Yes, the Turkey Club can be enjoyed by diabetics, heart patients and overweight individuals with some considerations. It is important for diabetics to manage their carbohydrate intake, so choosing whole grain bread and monitoring portion sizes is recommended. Heart patients should be aware of sodium content and may choose lower sodium ingredients. Overweight individuals should be mindful of calorie content and portion sizes to fit into their overall calorie goals.

4. What makes a sandwich a club sandwich?

A club sandwich, including the turkey club, is typically made on toasted bread and contains layers of sliced cooked poultry (such as turkey or chicken), bacon, lettuce, tomato, and mayonnaise. It is often cut into quarters or halves and held together with cocktail sticks. The combination of these ingredients and the method of preparation is what distinguishes it as a club sandwich.

5. Are there healthier alternatives to the traditional turkey club?
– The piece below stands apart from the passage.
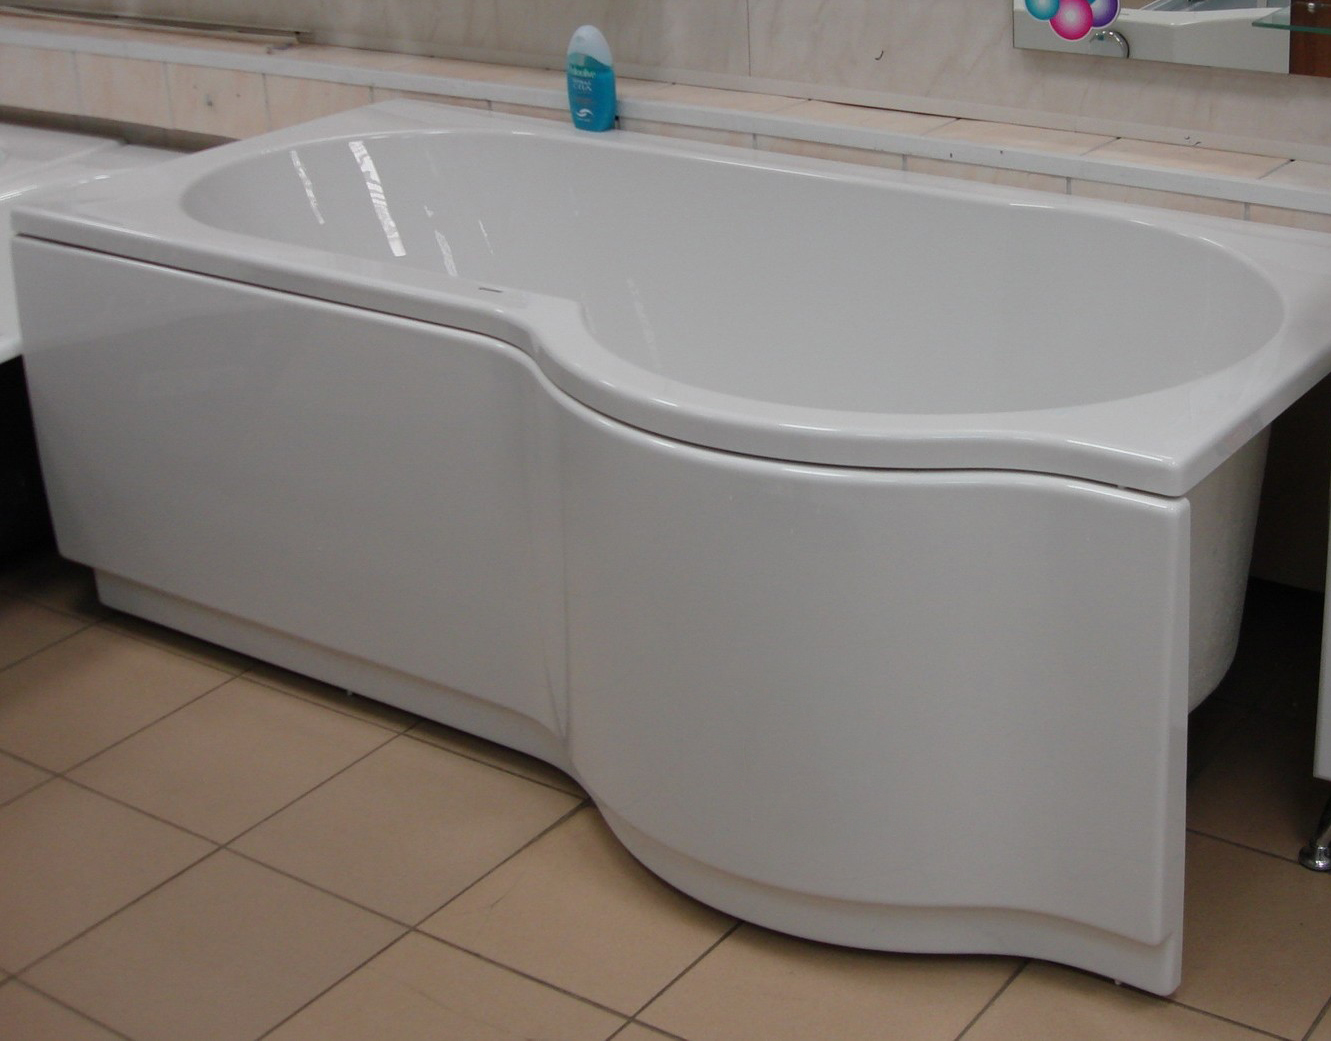 Акриловая ванна Riho Dorado 170х90 L

Yes, if you’re looking for a healthier alternative to the traditional turkey club, there are a few options you can consider. You can use whole grain or whole wheat bread instead of white bread to increase fiber. Opt for a lean turkey breast with no added sodium or preservatives. You can also incorporate more vegetables, such as adding avocado slices or swapping out some of the mayo for mashed avocado. In addition, you can try a lettuce wrap or whole grain wrap instead of bread to reduce the carbohydrate and calorie content.